▶ [Requirement] Without the pictures, can you quote each line below exactly?

Segment Start: Input data

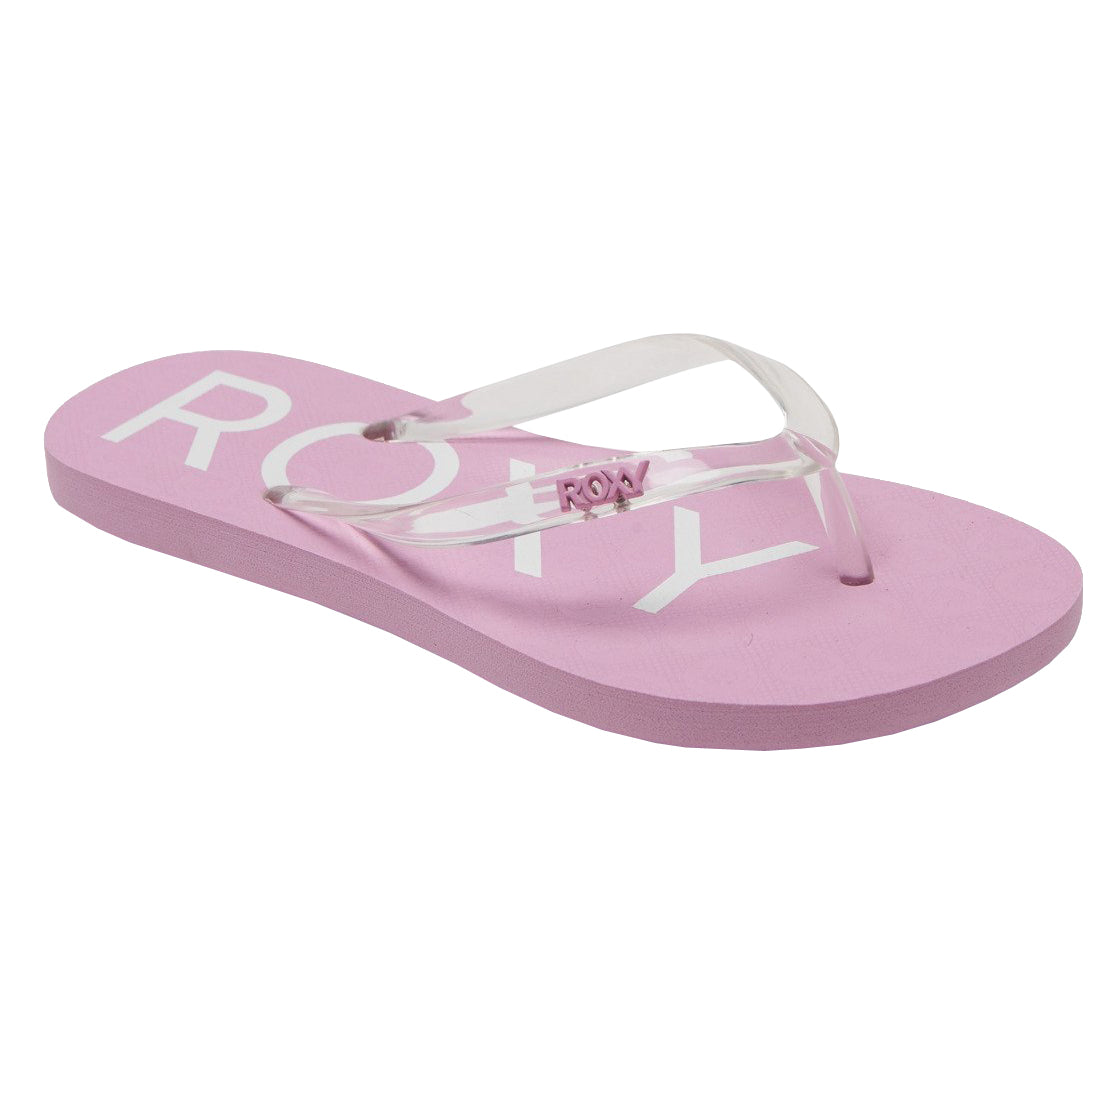 Roxy Viva Jelly Girls Sandal LRS-Lilac Rose 11 C
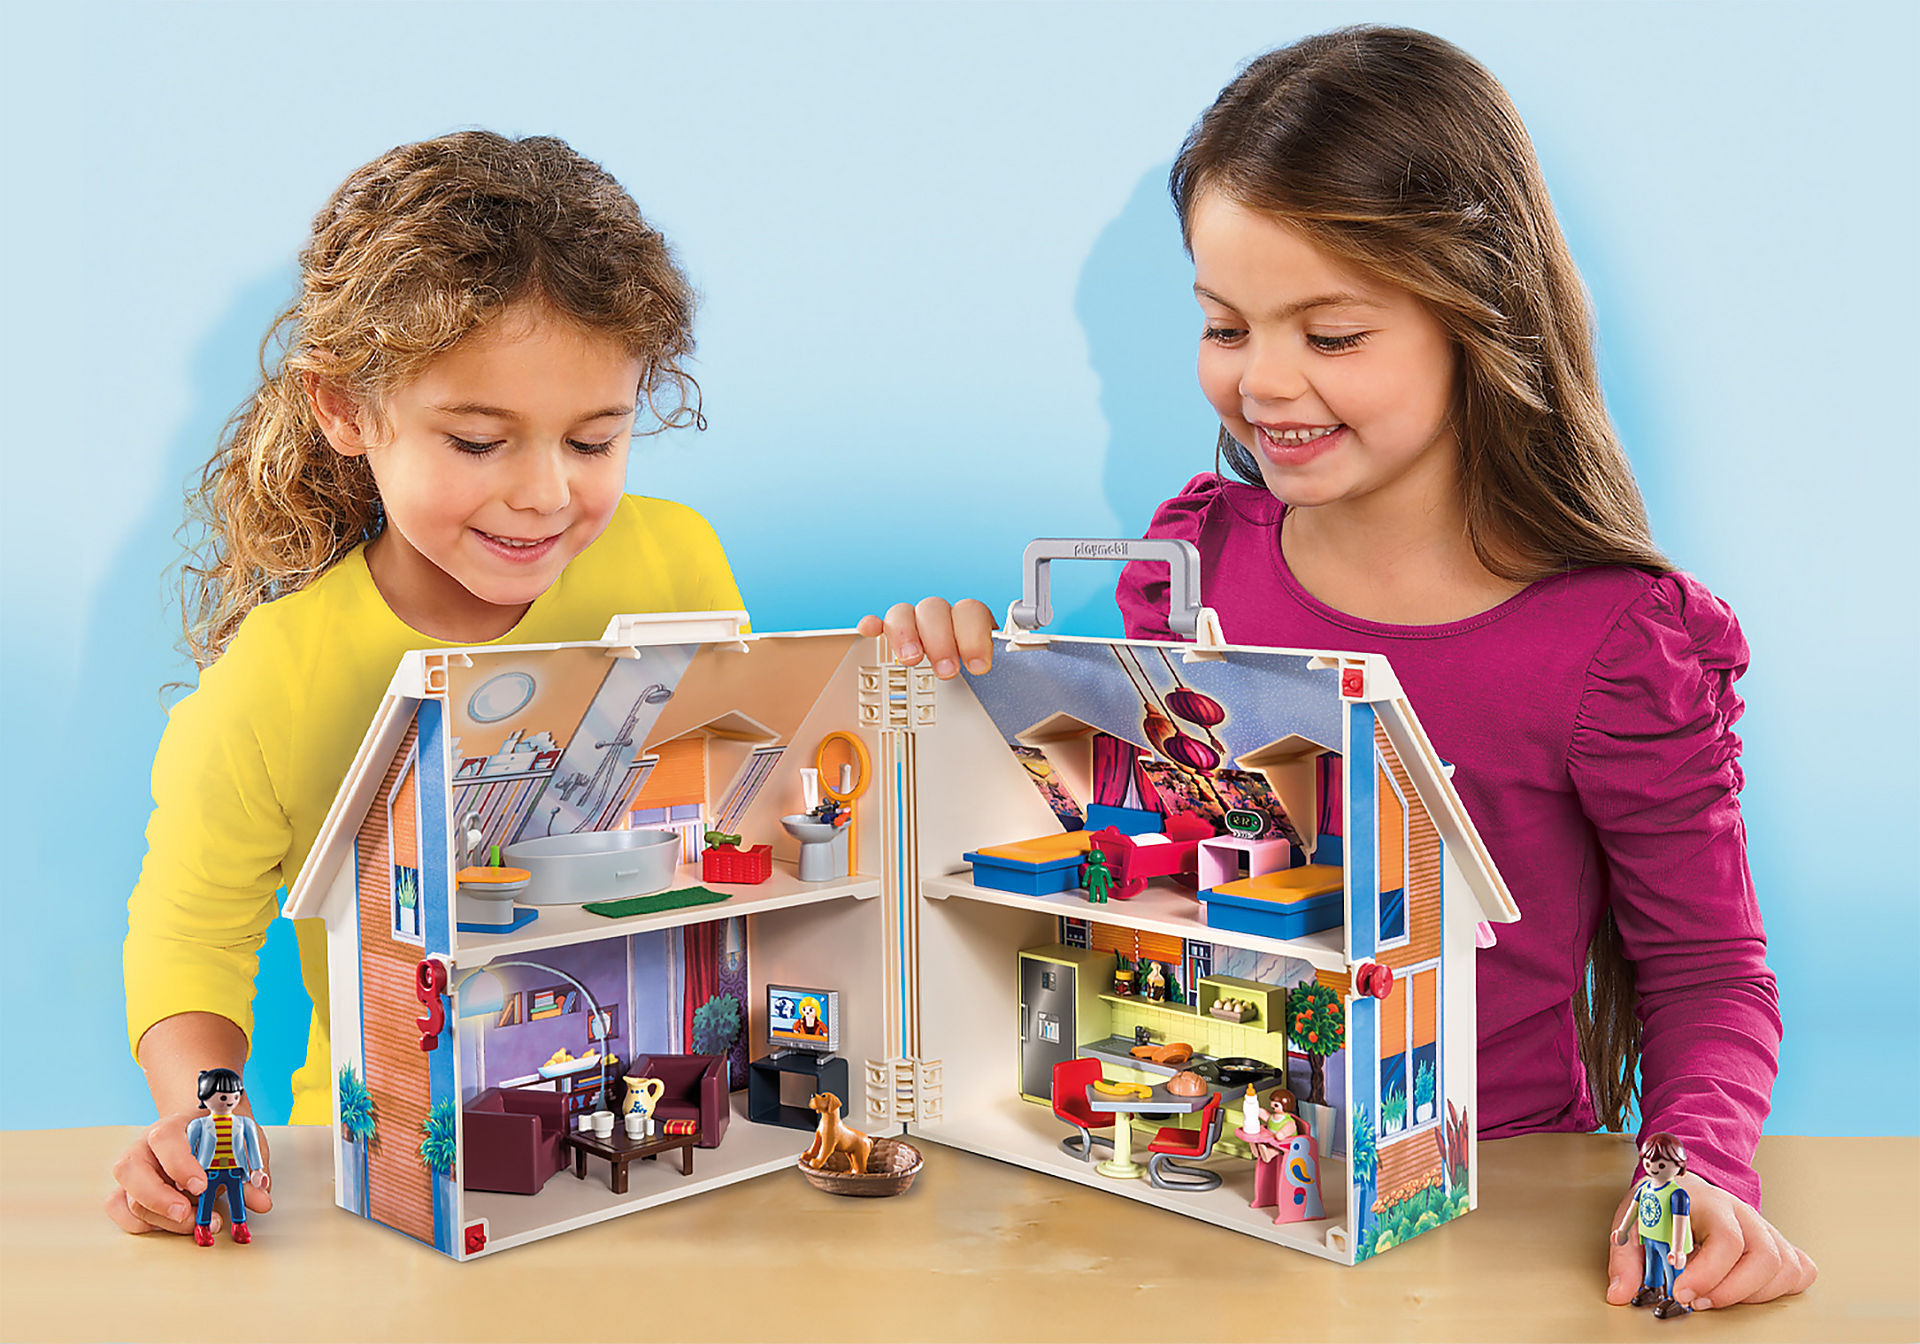 Playmobil kofferhaus - Die preiswertesten Playmobil kofferhaus unter die Lupe genommen
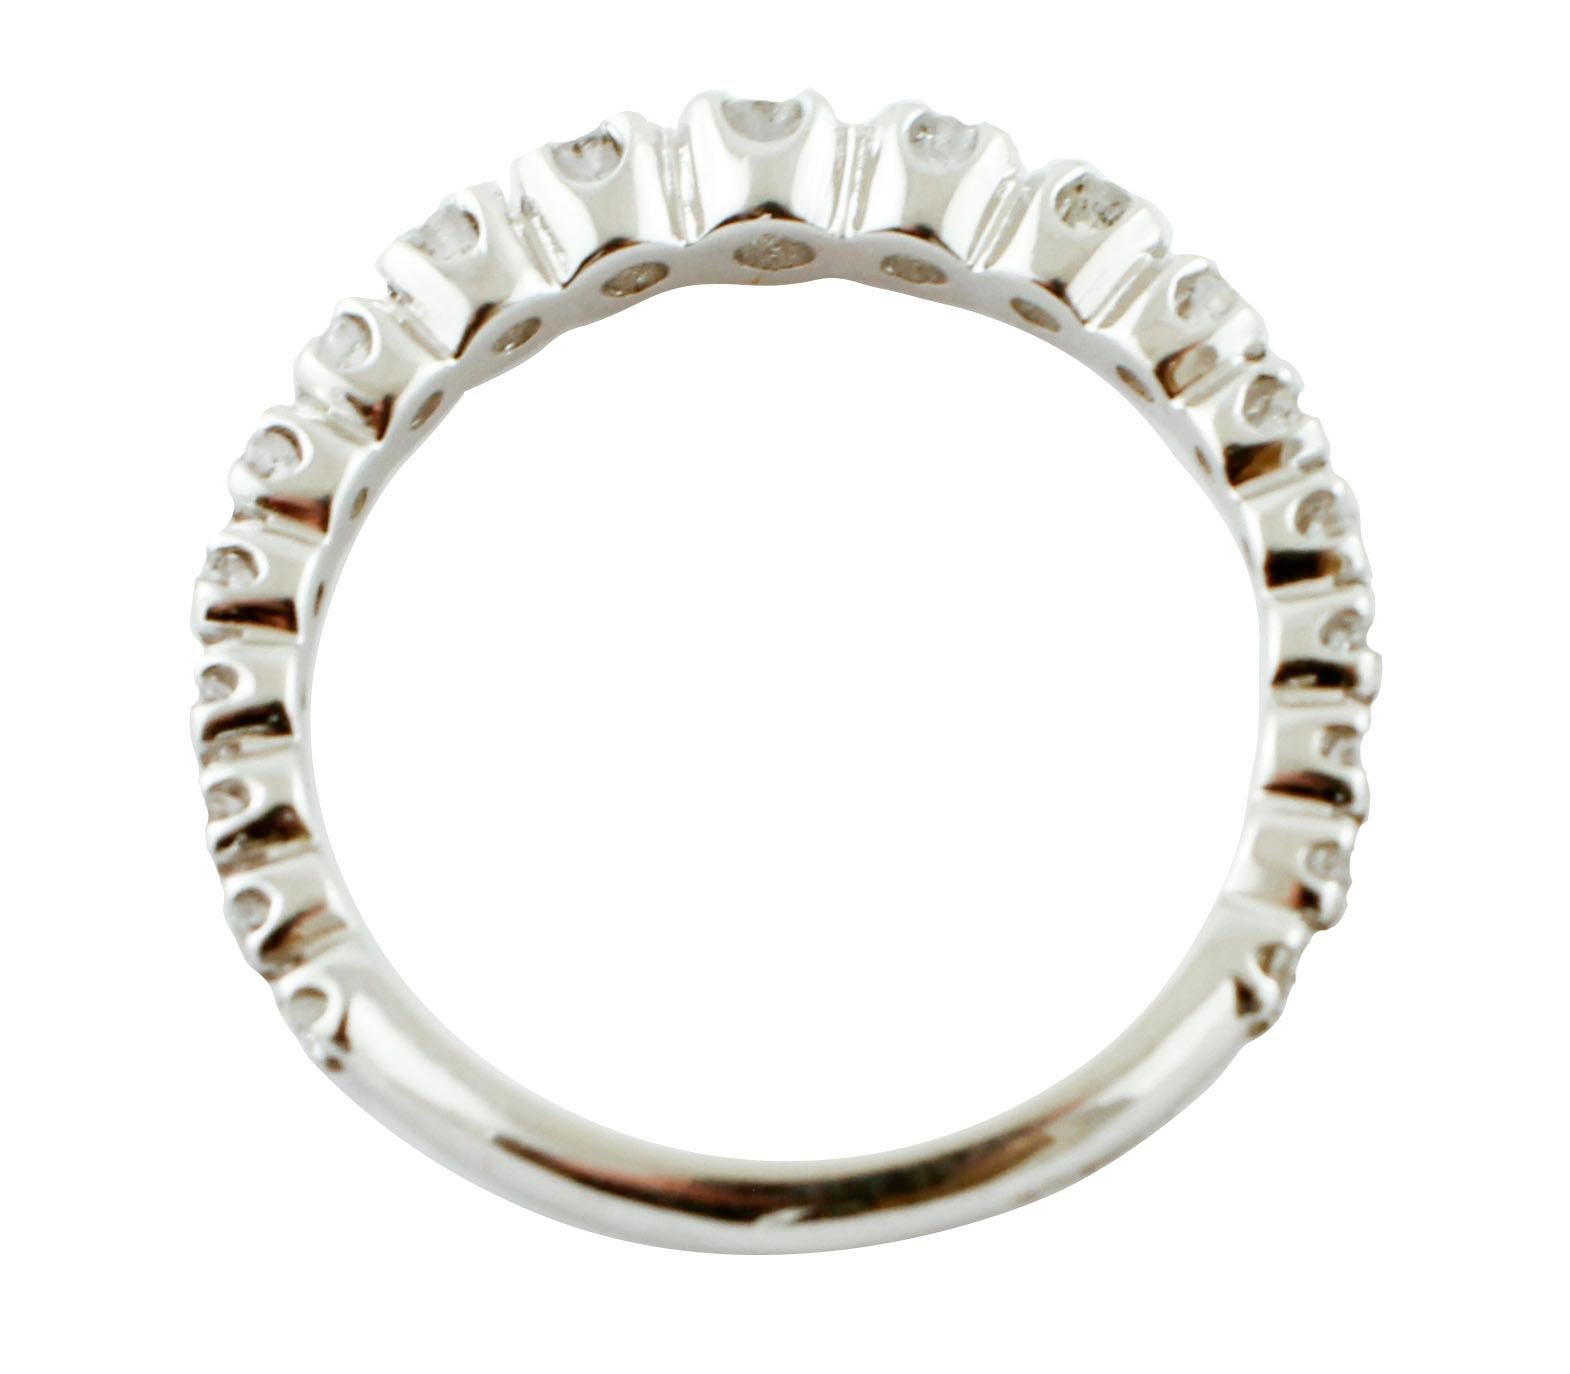 Brilliant Cut Diamonds, 18 Karat White Gold Eternity Engagement/Wedding Ring
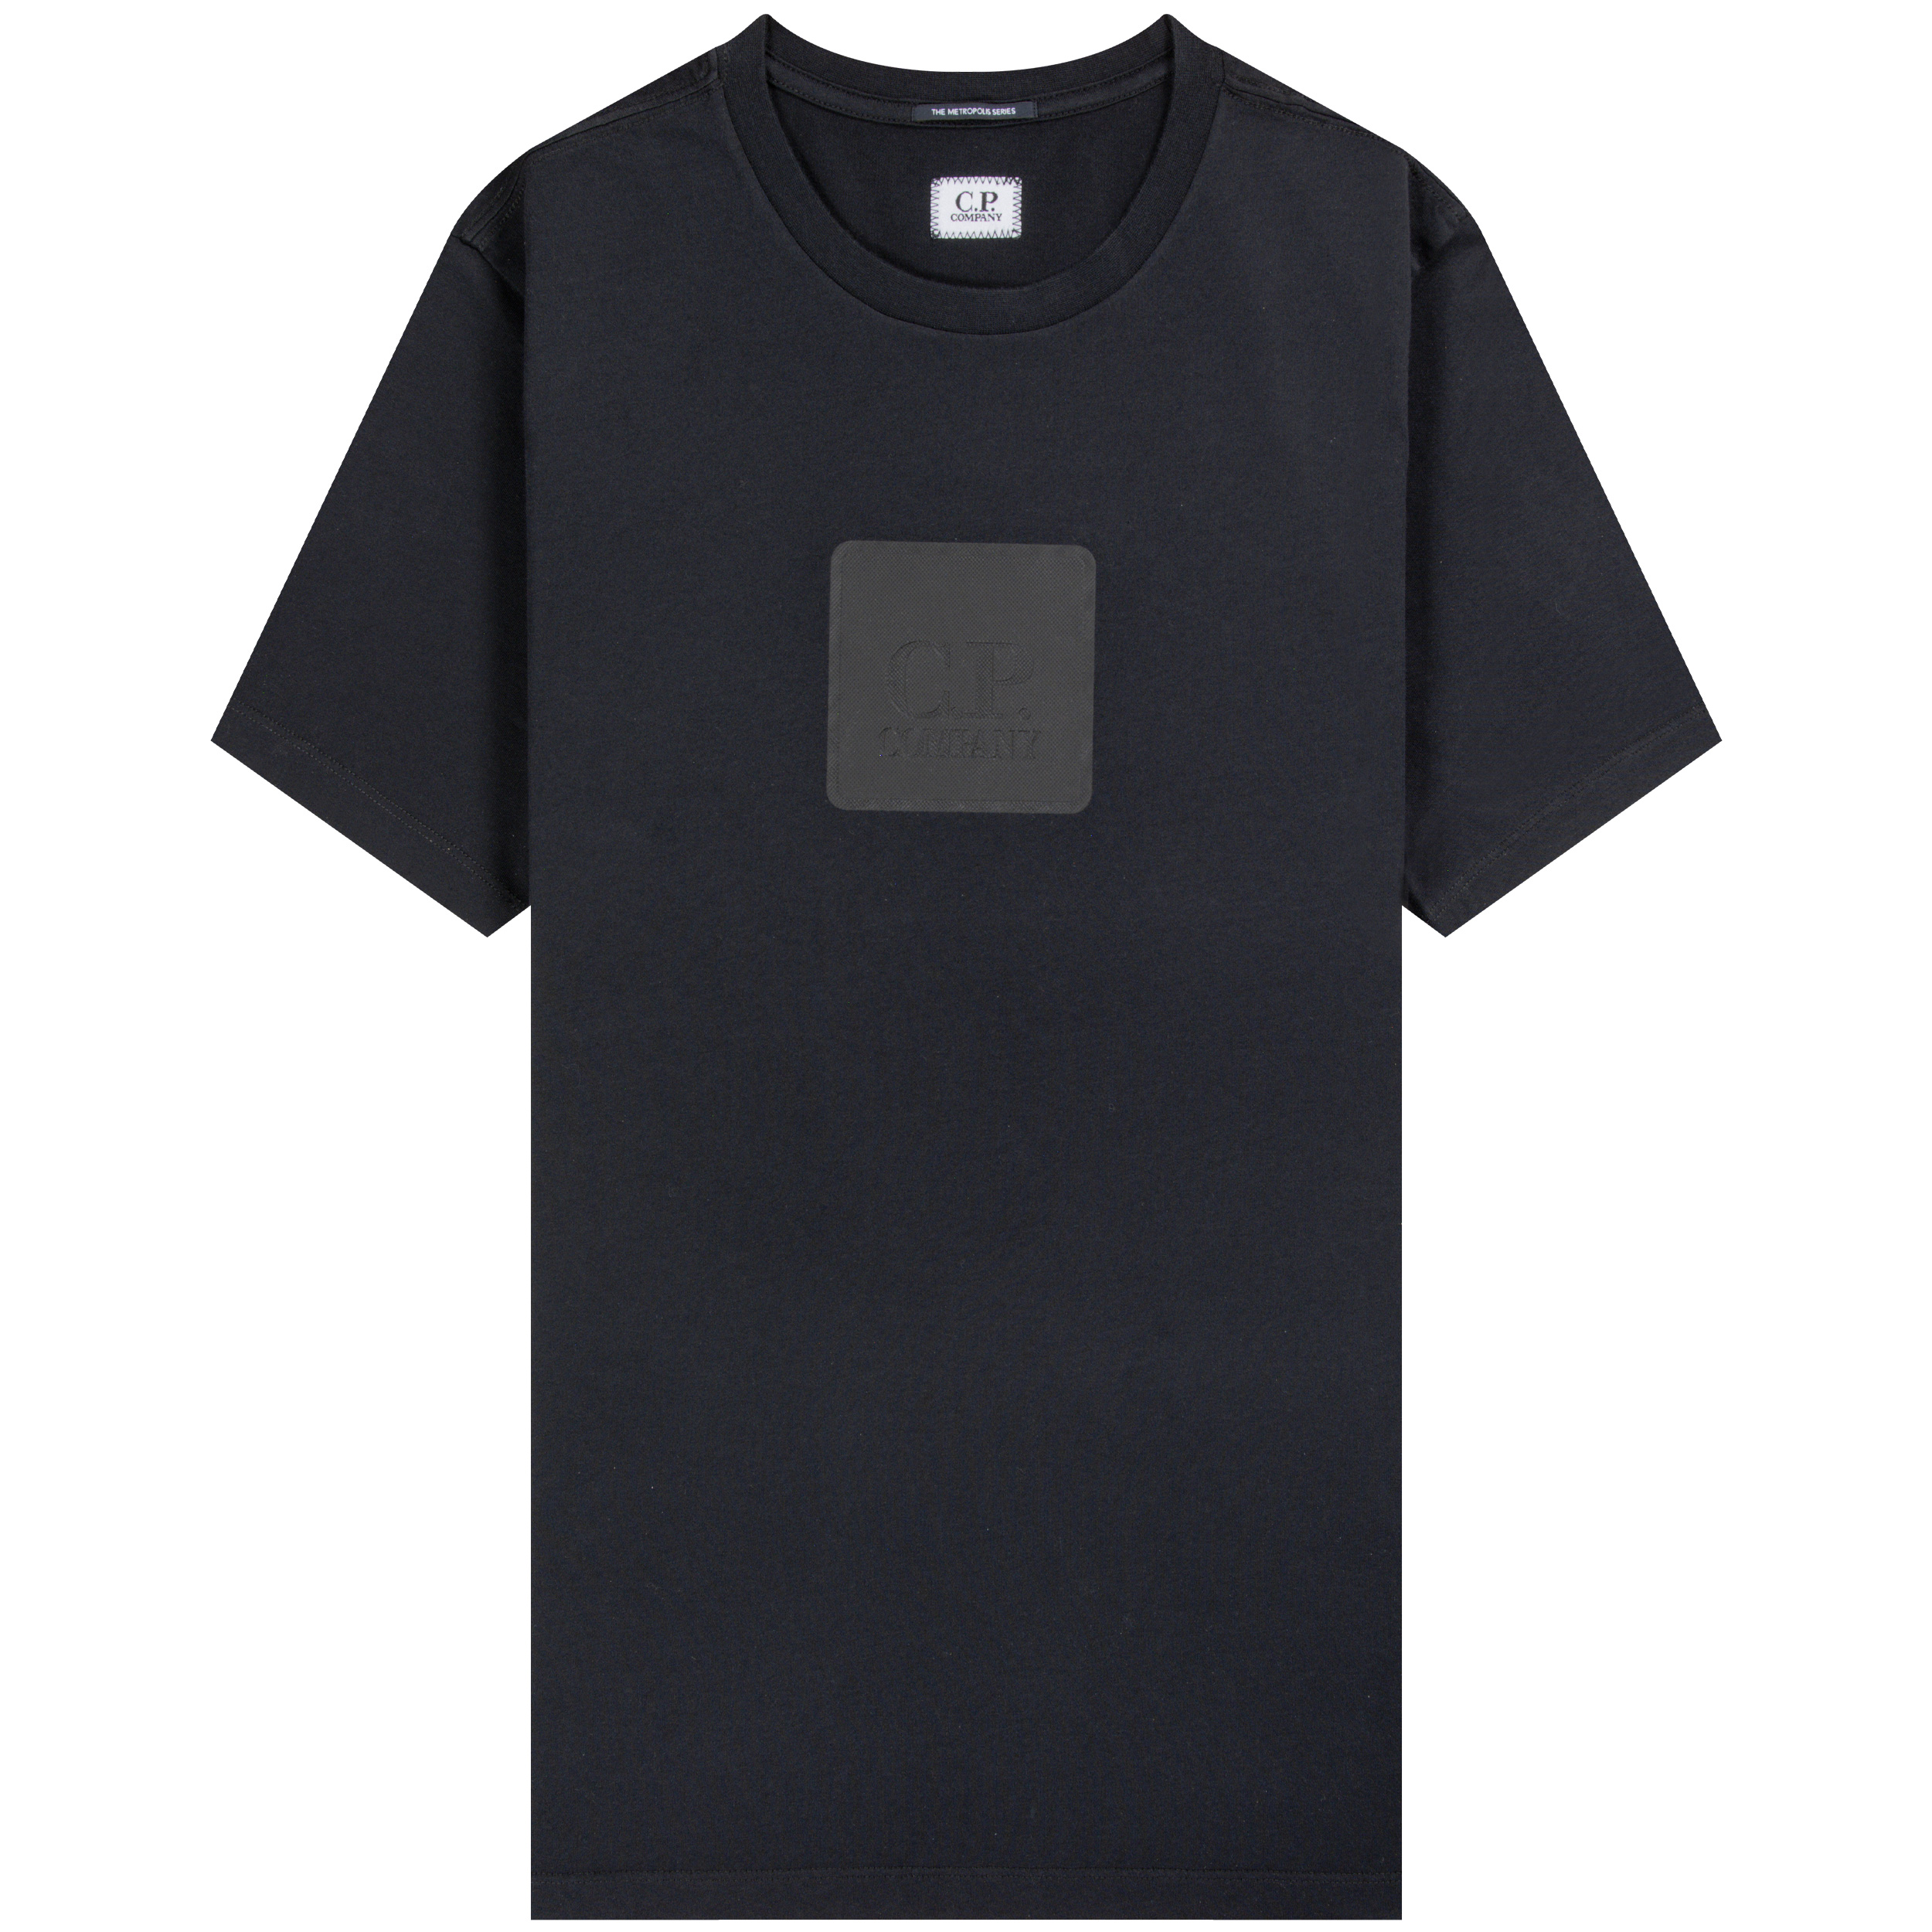 C.P. Company CP Company 'Metropolis Patch' Logo T-Shirt Black

Segment End: Input data

▶ [Output for this task]
 Roxy Viva Jelly Girls Sandal LRS-Lilac Rose 11 C
 Playmobil kofferhaus - Die preiswertesten Playmobil kofferhaus unter die Lupe genommen
 Brilliant Cut Diamonds, 18 Karat White Gold Eternity Engagement/Wedding Ring
 C.P. Company CP Company 'Metropolis Patch' Logo T-Shirt Black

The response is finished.